From “The First Wired President,” Tom Wheeler’s smart New York Times Disunion post about Abraham Lincoln’s embrace of technology:
“Up until May 1862 Lincoln had sent, on average, a little over one telegram a month. But things changed when a telegraph office was opened next door to the White House, in the War Department. On May 24 the president had his online breakout, sending nine telegrams. That week he would send more than all his previous messages, combined. From May 24 — 18 years to the day since Morse had first tapped out ‘What hath God wrought’ — forward, Lincoln and the telegraph were inseparable.
The new telegraph office became the first Situation Room. Several times a day the president would walk into the telegraph office, sit down at the desk of its manager and begin going through the copies of all telegrams received, whether addressed to him or not. During great battles the president would even sleep in the telegraph office, just to be close to his oracle.
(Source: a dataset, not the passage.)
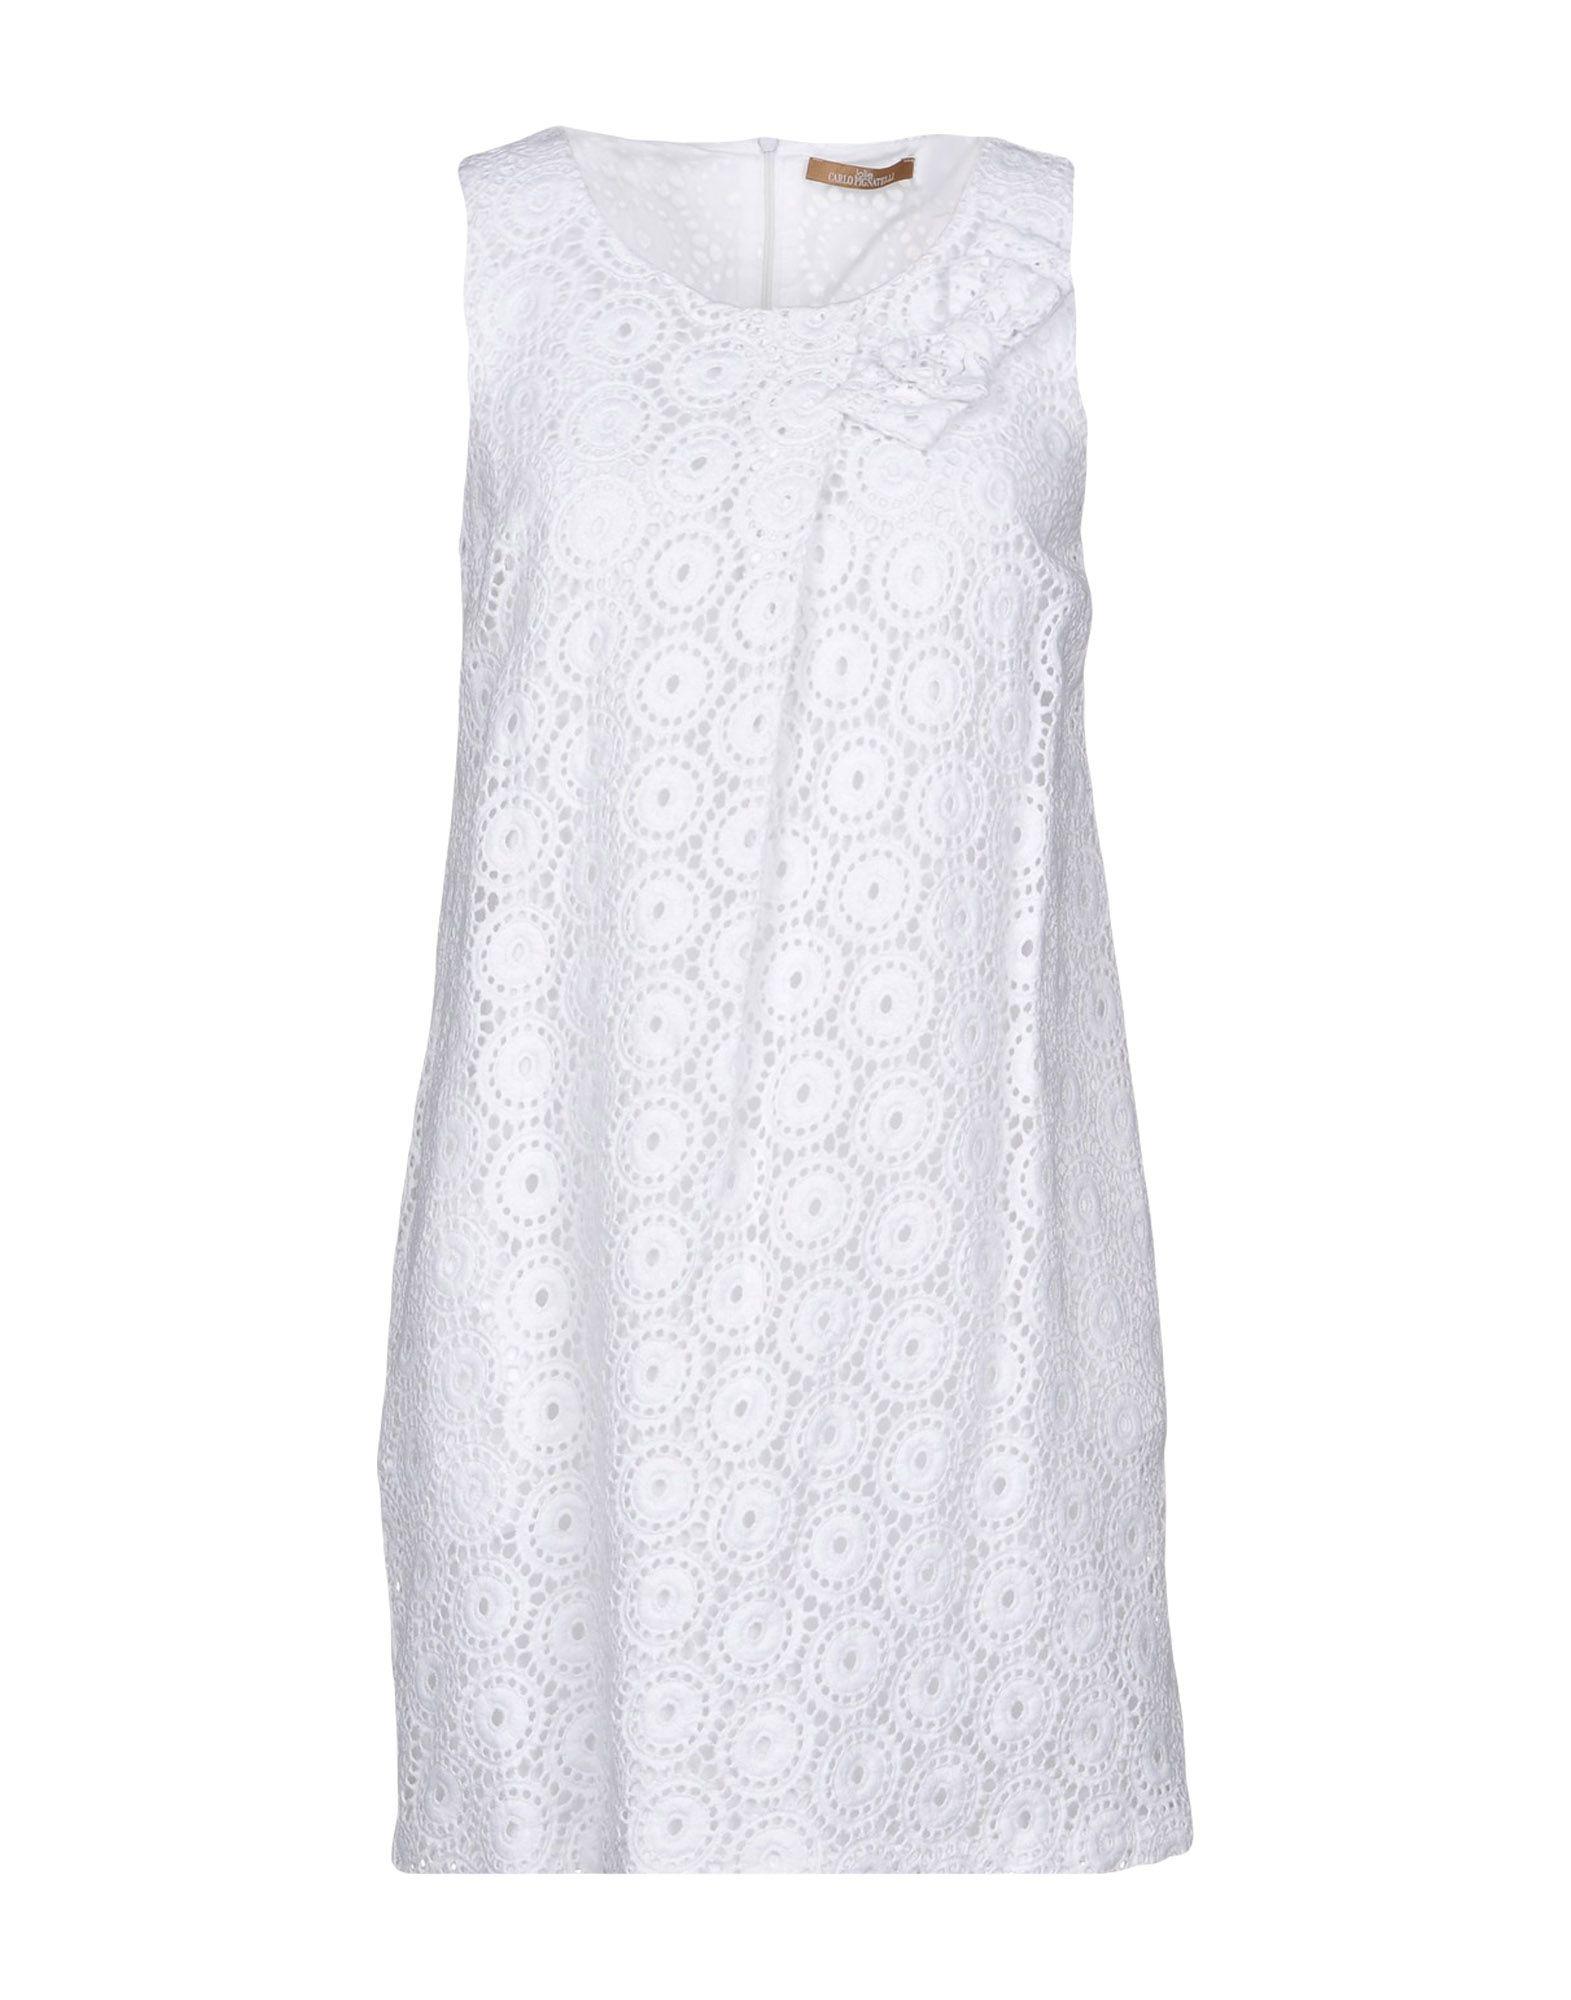 JOLIE CARLO PIGNATELLI Короткое платье jolie carlo pignatelli комплект

Using the telegraph to extend his voice was an obvious application of the technology. ‘You are instructed…to put twenty thousand men (20,000) in motion at once for the Shenandoah,’ the president ordered Gen. Irvin McDowell on May 24. Less obvious, however, was how Lincoln made the telegraph his eyes and ears to distant fields and the keyhole into his generals’ headquarters. As he sat in the telegraph office reading messages, he gained insights, felt the pulse of his Army in the field and reacted.”